James also constructed his current Lonelyville home around this time. His father had purchased the land in anticipation of having to move his Fair Harbor home out of the way of Robert Moses’ proposed highway. However, the highway project was halted through the activism of angry Fire Island residents and the creation of Fire Island National Seashore so the land was still empty at the time. James asked his father for the land and his father gave it to him since he was his sole heir anyway. The land was originally two plots, but some of this was eventually taken in exchange for compensation by the Town of Islip via eminent domain in order to build the path that passes through Lonelyville today. Before this path existed, James recalls people simply wandering through their neighbor’s property in order to traverse the area.

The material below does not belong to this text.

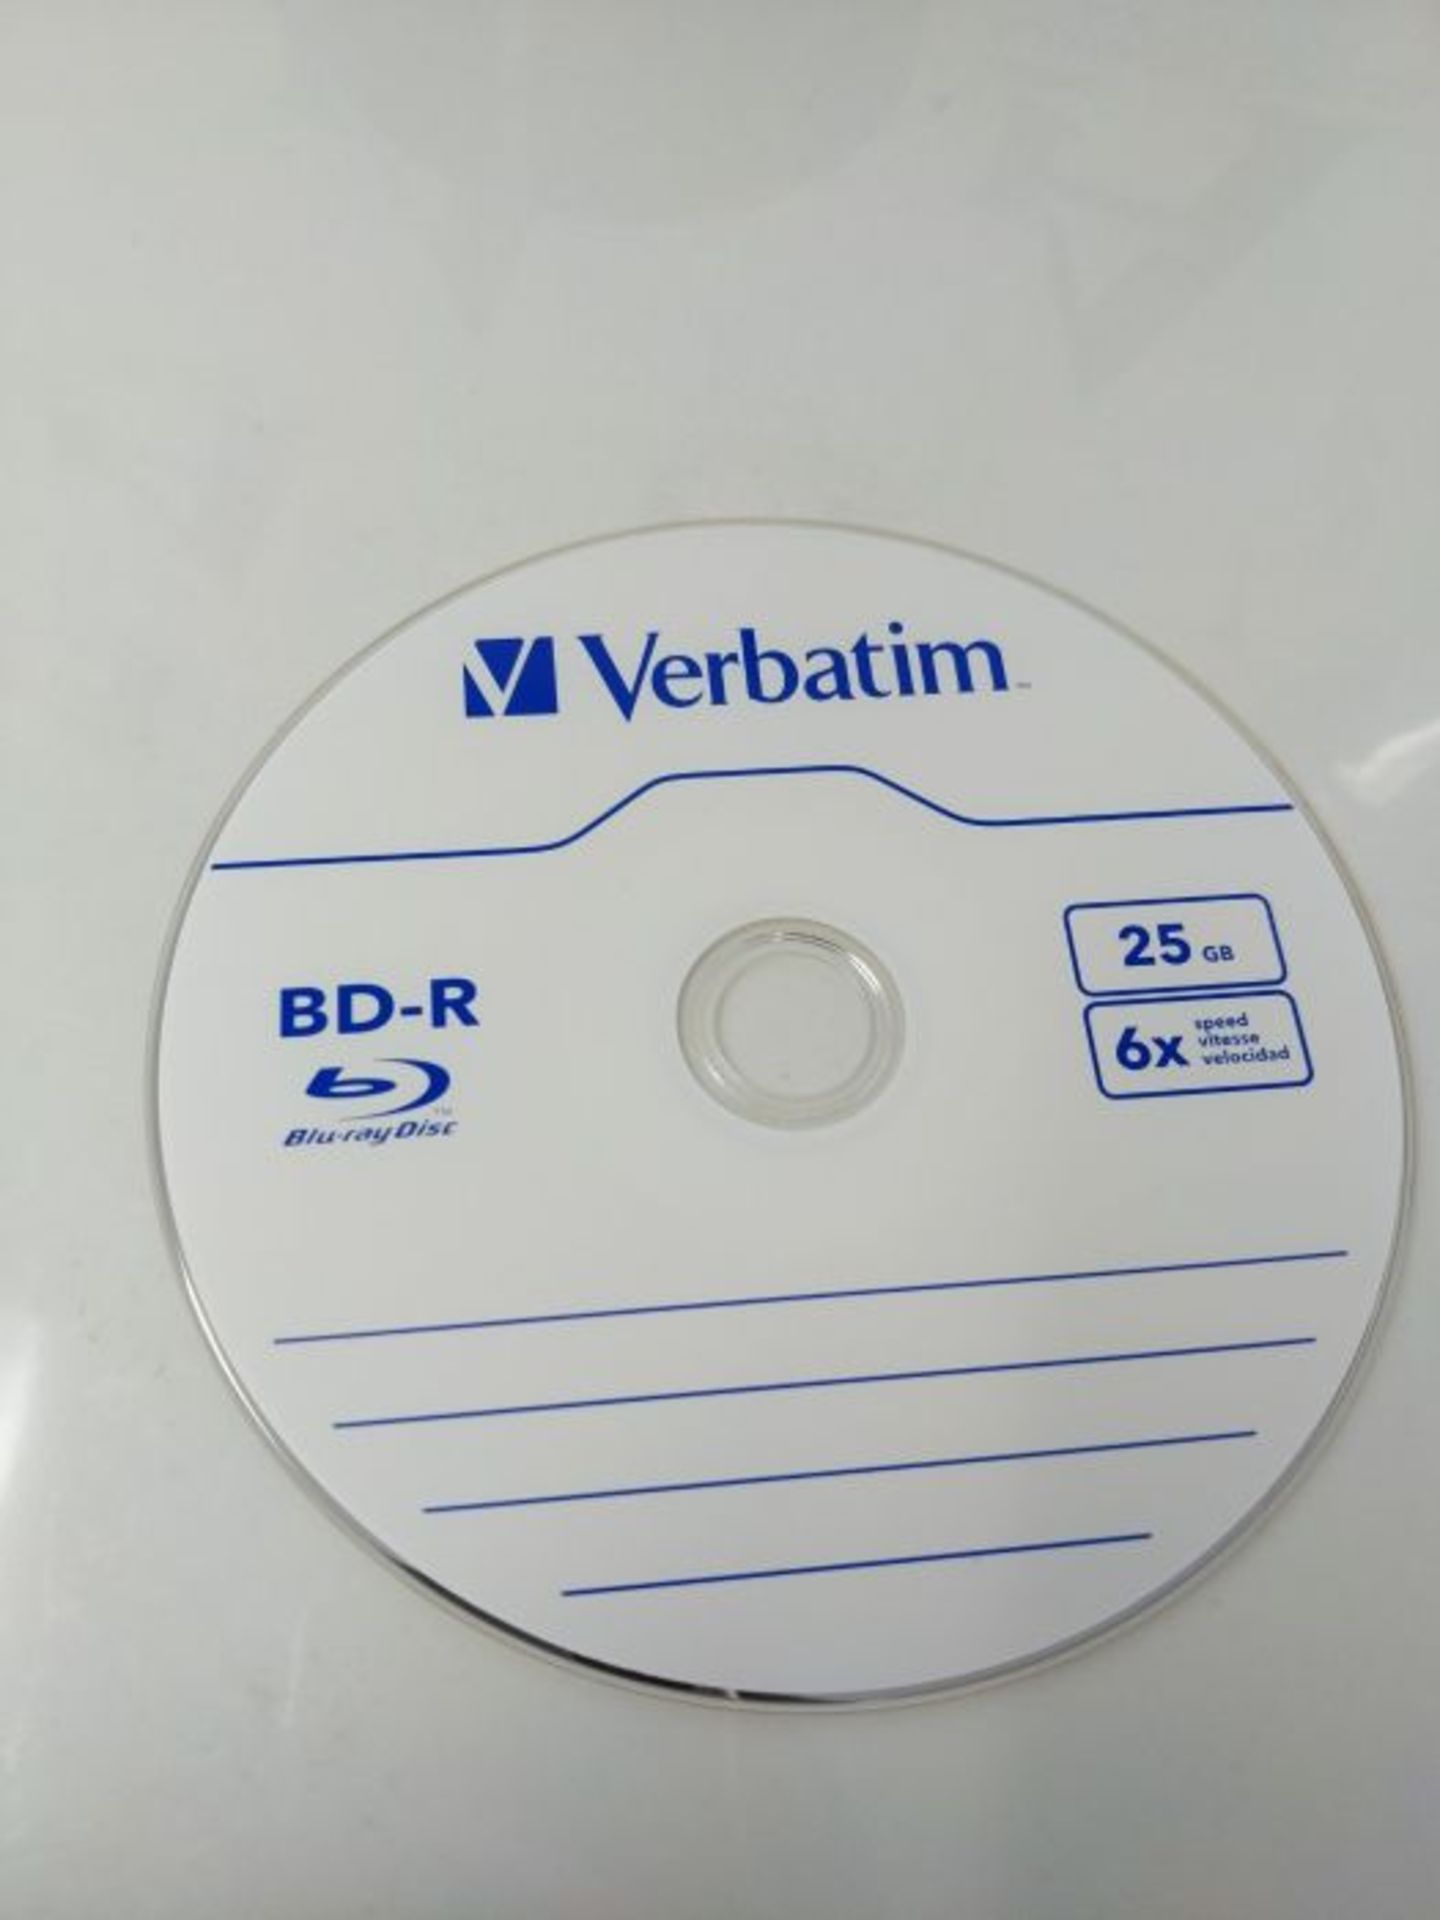 Verbatim BD-R SL Datalife 25 GB - Blu-Ray-Disk - 6-fache Brenngeschwindigkeit - Hardco - Image 3 of 3

James and his family have strong ties to the Fair Harbor Fire Department. His father was a member, and his dad’s badge number was 12. James for his part was elected Honorary Fire Commissioner for Lonelyville. At the time Lonelyville was not part of the Fair Harbor Fire District like it is today and instead paid for fire protection from Fair Harbor. Lonelyville later joined the Fair Harbor Fire District after the state changed its regulations to allow for non-contiguous fire districts. Prior to this change Dunewood’s insistence on maintaining its own fire district at the time was an impediment to Lonelyville joining Fair Harbor’s district. James’ history with the FHFD was remembered fondly at his 100th birthday celebration.
Today, James splits his time between Bay Shore and Lonelyville. He enjoys spending time on Fire Island with his children and grandchildren. He openly admits that he prefers the Fire Island that existed in his youth before decades of development and the national seashore reshaped the island and before it started “getting to be the place to come to,” as he put it. Still, when asked how he feels being able to spend time with family and grandkids on Fire Island today, almost a century after he first visited, he says it feels “wonderful, the kids love it.”
Hopefully he will get to spend many more birthdays on Fire Island in the years to come.